BEGIN

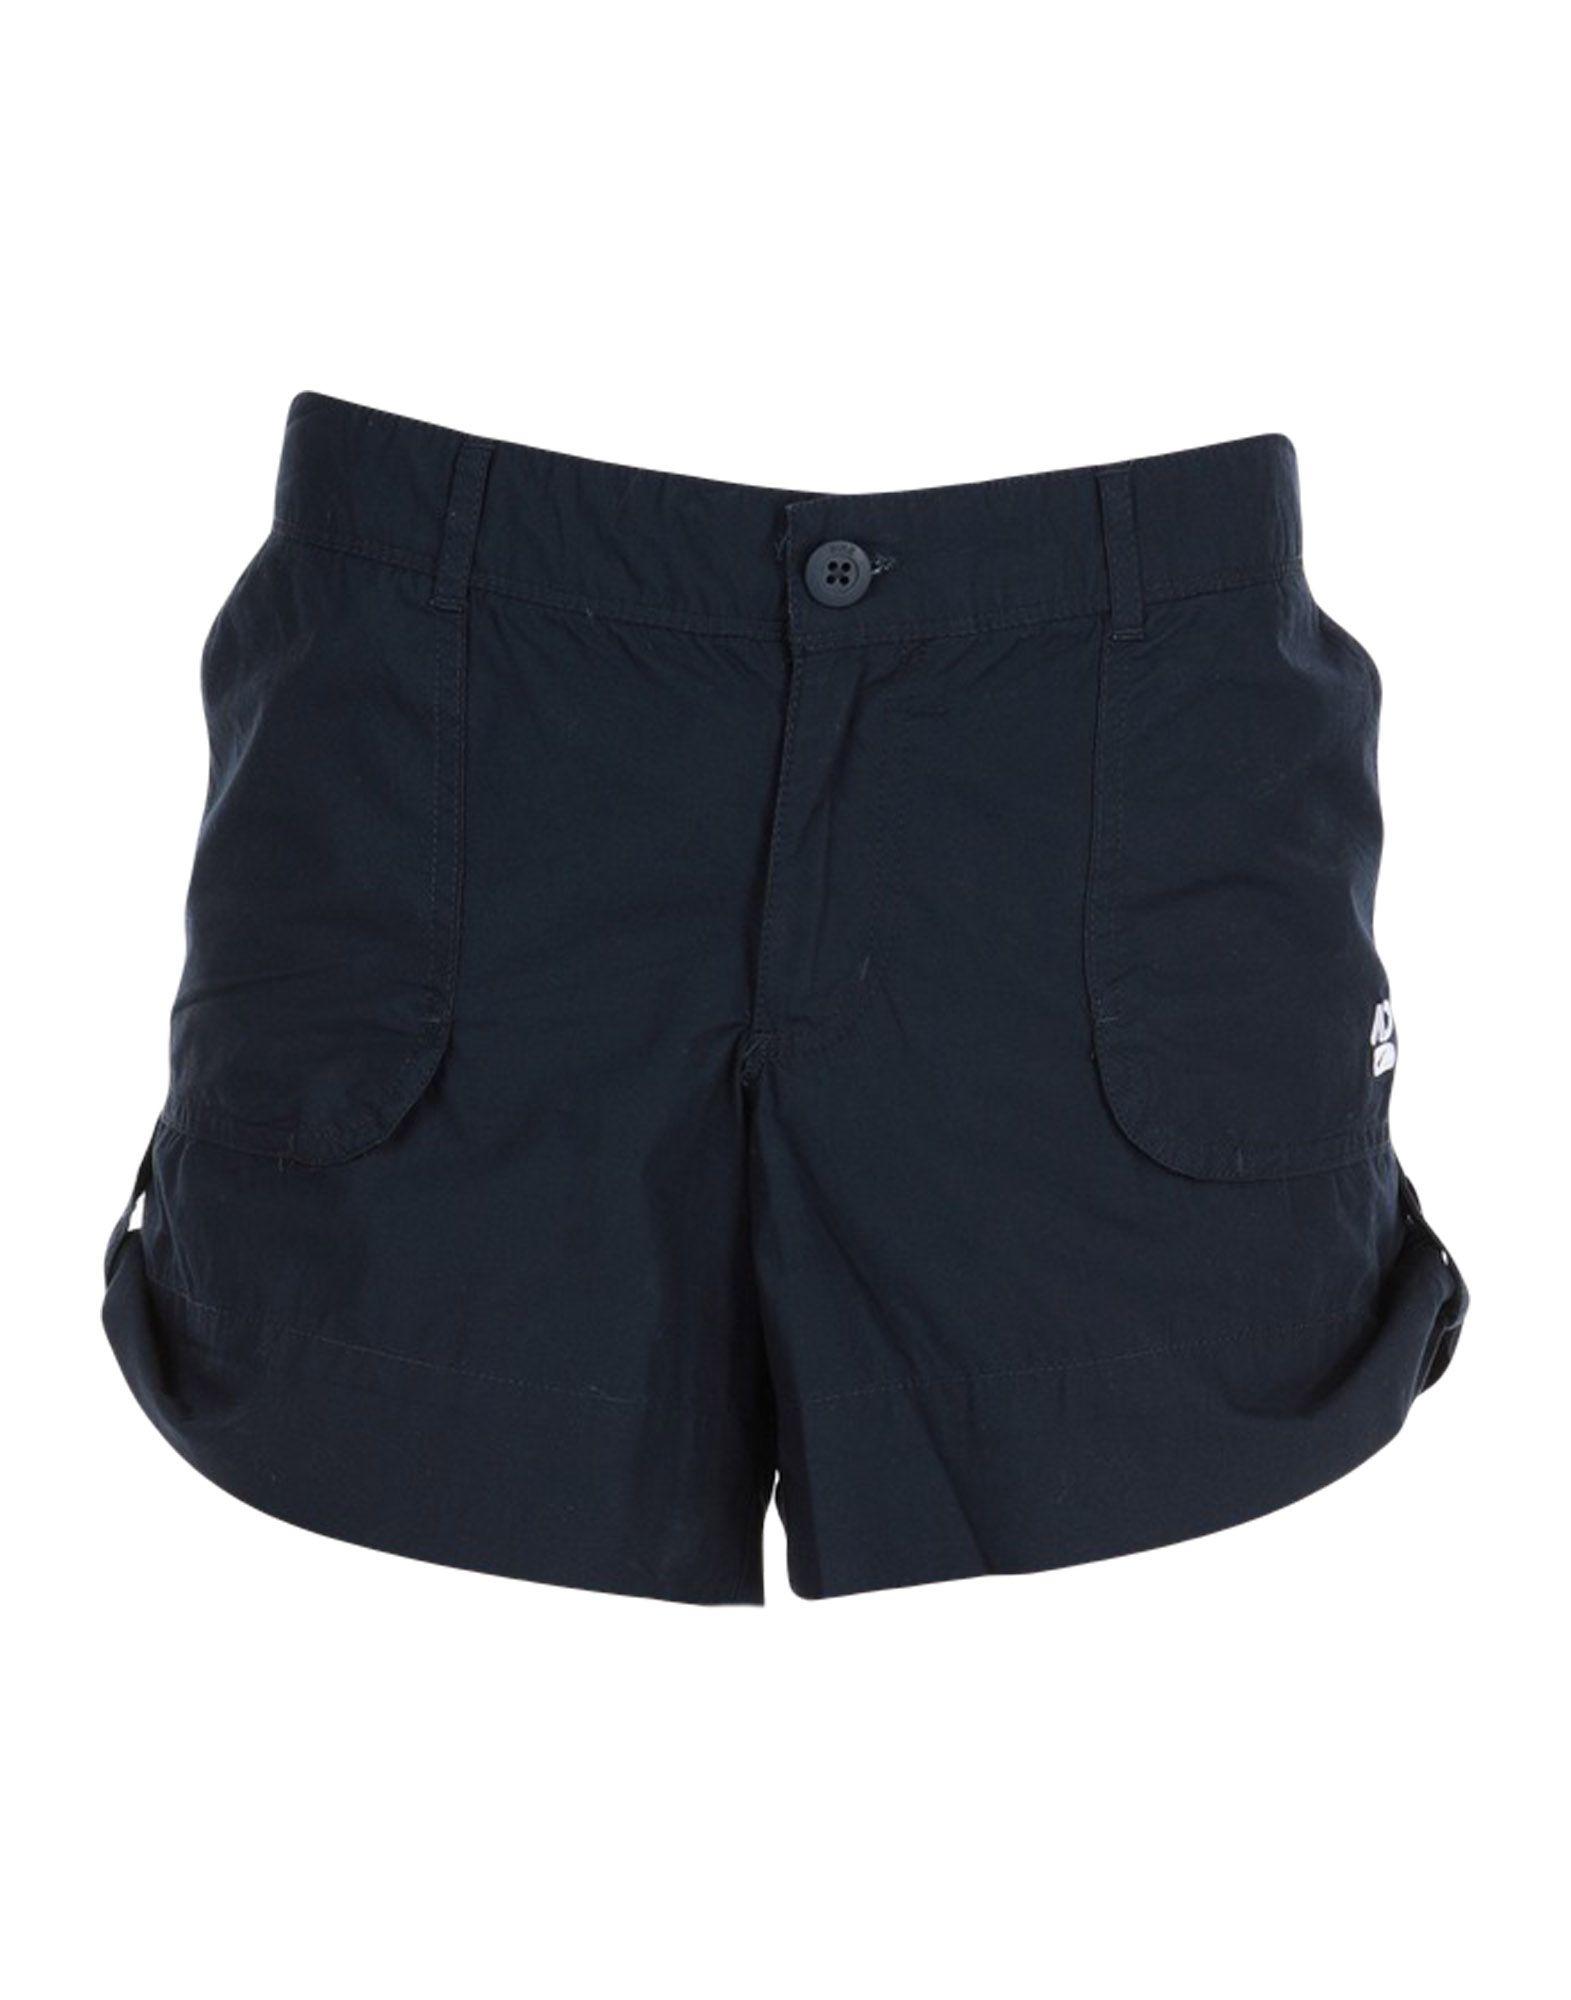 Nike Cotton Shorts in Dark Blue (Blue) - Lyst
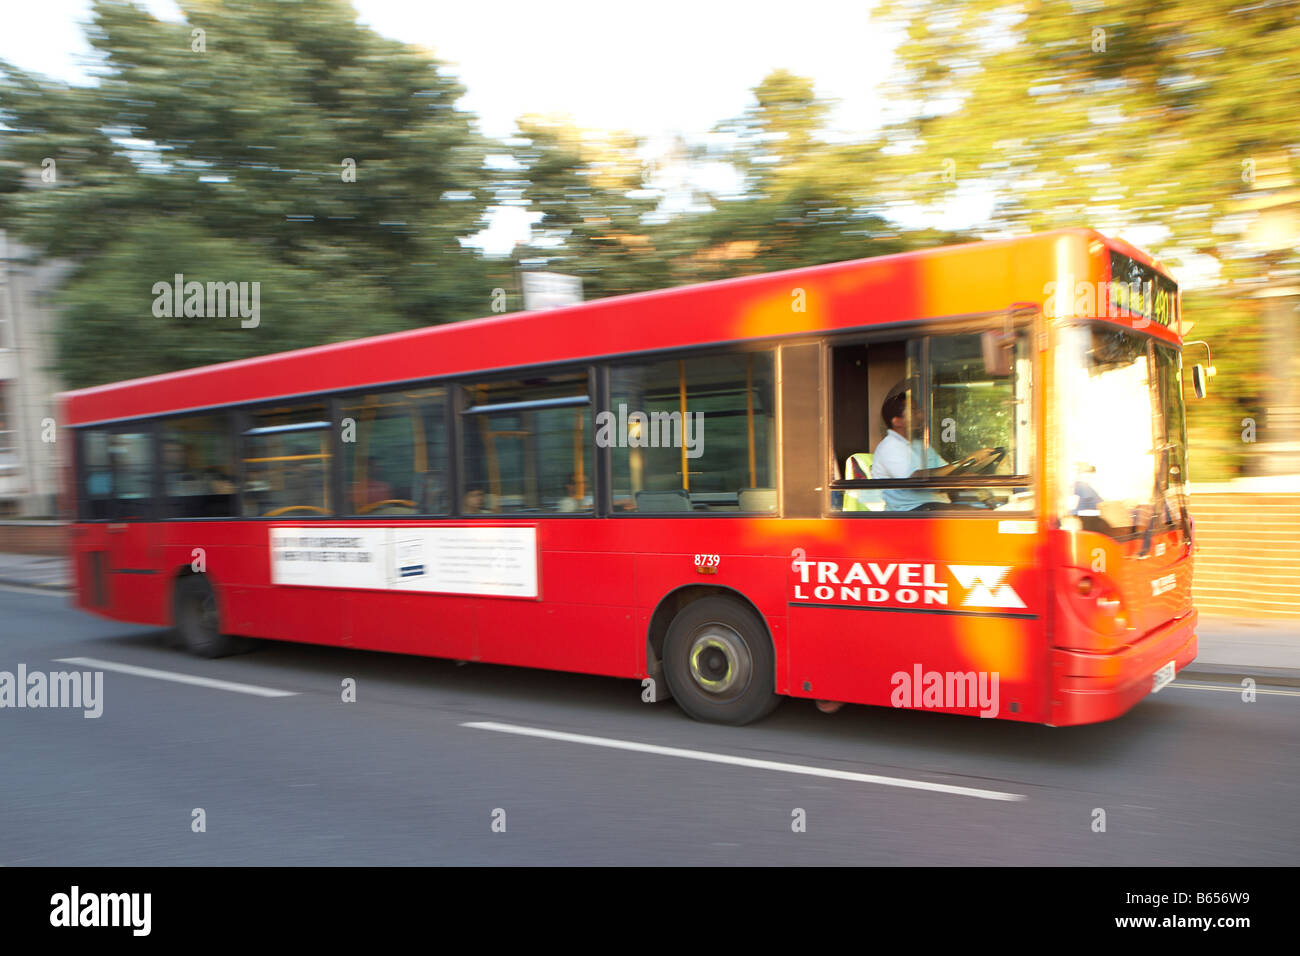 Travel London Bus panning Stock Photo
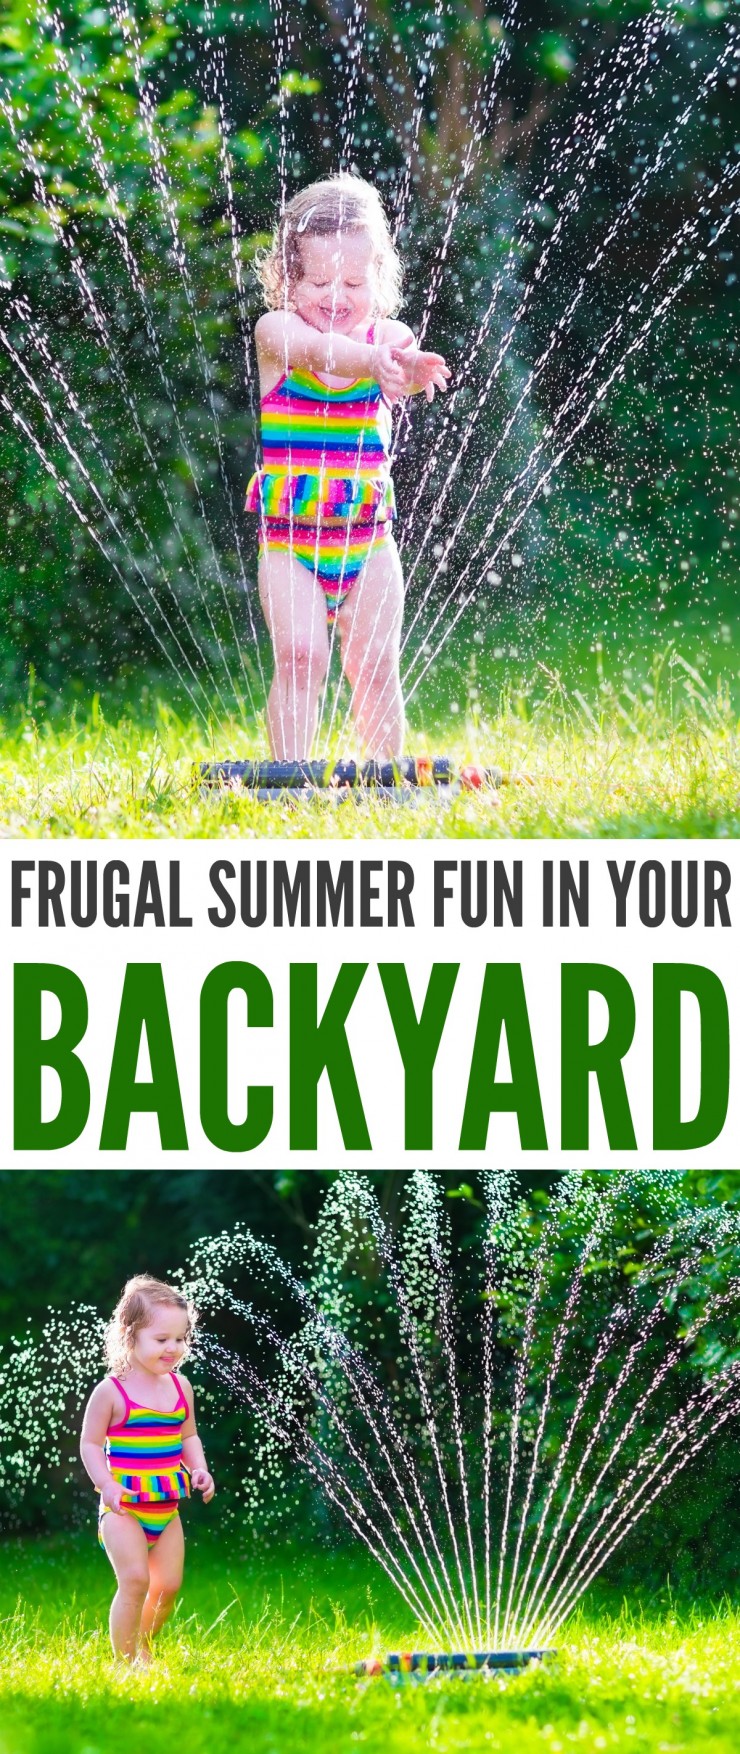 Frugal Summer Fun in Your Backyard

END

### WORK INSTRUCTIONS
Return every line above verbatim, pictures excluded.

### SOLUTION FOR THIS TASK
 Nike Cotton Shorts in Dark Blue (Blue) - Lyst
 Travel London Bus panning Stock Photo
 Frugal Summer Fun in Your Backyard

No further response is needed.